La municipalité régionale de Wood Buffalo puise son eau potable dans le lac Athabasca. Elle est traitée en plusieurs étapes à l’usine de traitement de l’eau et analysée pour s’assurer qu’elle répond à tous les paramètres des Recommandations pour l’eau potable au Canada. La municipalité a publié un avis à la communauté le 28 août 2024, indiquant que la qualité de l’eau potable est rigoureusement surveillée et testée, et qu’elle est potable
En mai 2024, des représentants de la Première Nation Athabasca Chipewyan ont demandé à Transports Canada de procéder au dragage du plan d’eau afin de faciliter l’évacuation de la collectivité en cas d’incendies de forêt dans la région. Dans le cadre de ces discussions, Transports Canada a fourni une copie de l’évaluation des risques de 2017 et de l’évaluation environnementale de phase III à Delta Contracting Ltd (le consultant retenu par la Première Nation Athabasca Chipewyan pour préparer un plan de dragage) en mai.
Les médias ont fait état, à partir de la semaine du 30 septembre, des préoccupations de trois communautés autochtones de l’Alberta, la Première Nation Athabasca Chipewyan, la Première Nation crie Mikisew et les Métis de
Fort Chipewyan, selon lequel Transports Canada ne les auraient pas informées de la contamination de l’installation portuaire de Fort Chipewyan, y compris dans le cadre d’un processus de transfert potentiel de l’installation port.

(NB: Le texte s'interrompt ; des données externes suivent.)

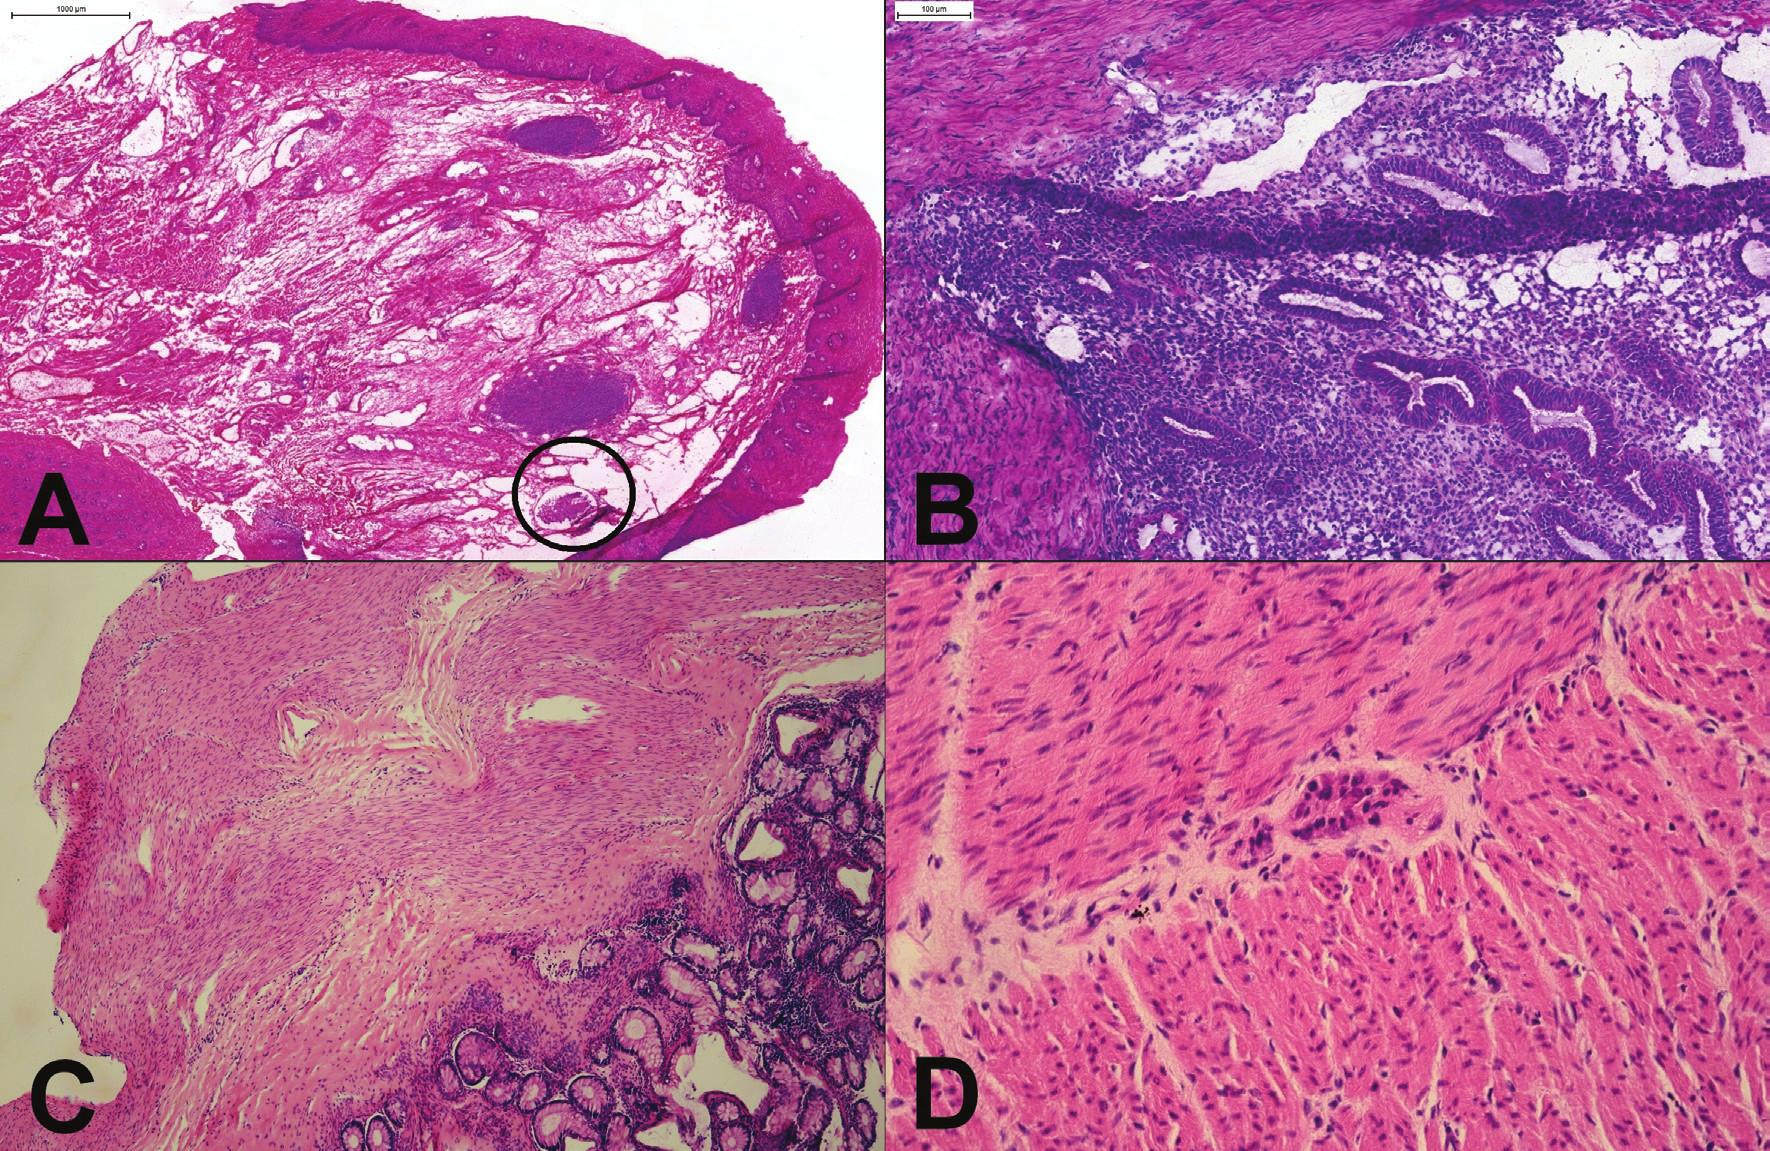 """(A) Proximálny resekčný okraj resekátu adenokarcinómu ezofago-gastrickej junkcie. Slizničný povrch bol makroskopicky aj mikroskopicky """"čistý"""", v kapilárach lamina propria však boli zachytené zhluky nádorových buniek (v krúžku). (B) Tumor rekta u 25 ročnej ženy. Mikroskopicky boli zachytené mitoticky aktívne, mierne """"atypické"""" žliazky, vzdialene pripomínajúce kolorektálny adenokarcinóm. Kľúčom k správnej diagnóze endometriózy je rozpoznanie endometriálnej strómy. (C) Hirschprungova choroba: chýbanie gangliových buniek v plexus submucosus a myentericus. (D) Imatúrne gangliové bunky v plexus myentericus."""

Dans le cadre des négociations en vue de l’acquisition potentielle de l’installation portuaire de Fort Chipewyan, certains des rapports environnementaux ont déjà été partagés avec la Première Nation crie Mikisew et la section locale 125 des Métis de Fort Chipewyan en 2016 et 2018. Plus précisément, les rapports d’évaluation environnementale de site de 2013 et de 2014 ont été mis à la disposition de la Première Nation crie Mikisew et de la section locale 125 des Métis de Fort Chipewyan en 2016. Les rapports d’évaluation environnementale de site de 2017 et d’évaluation des risques de 2017 ont ensuite été partagés avec la Première Nation crie Mikisew en 2018.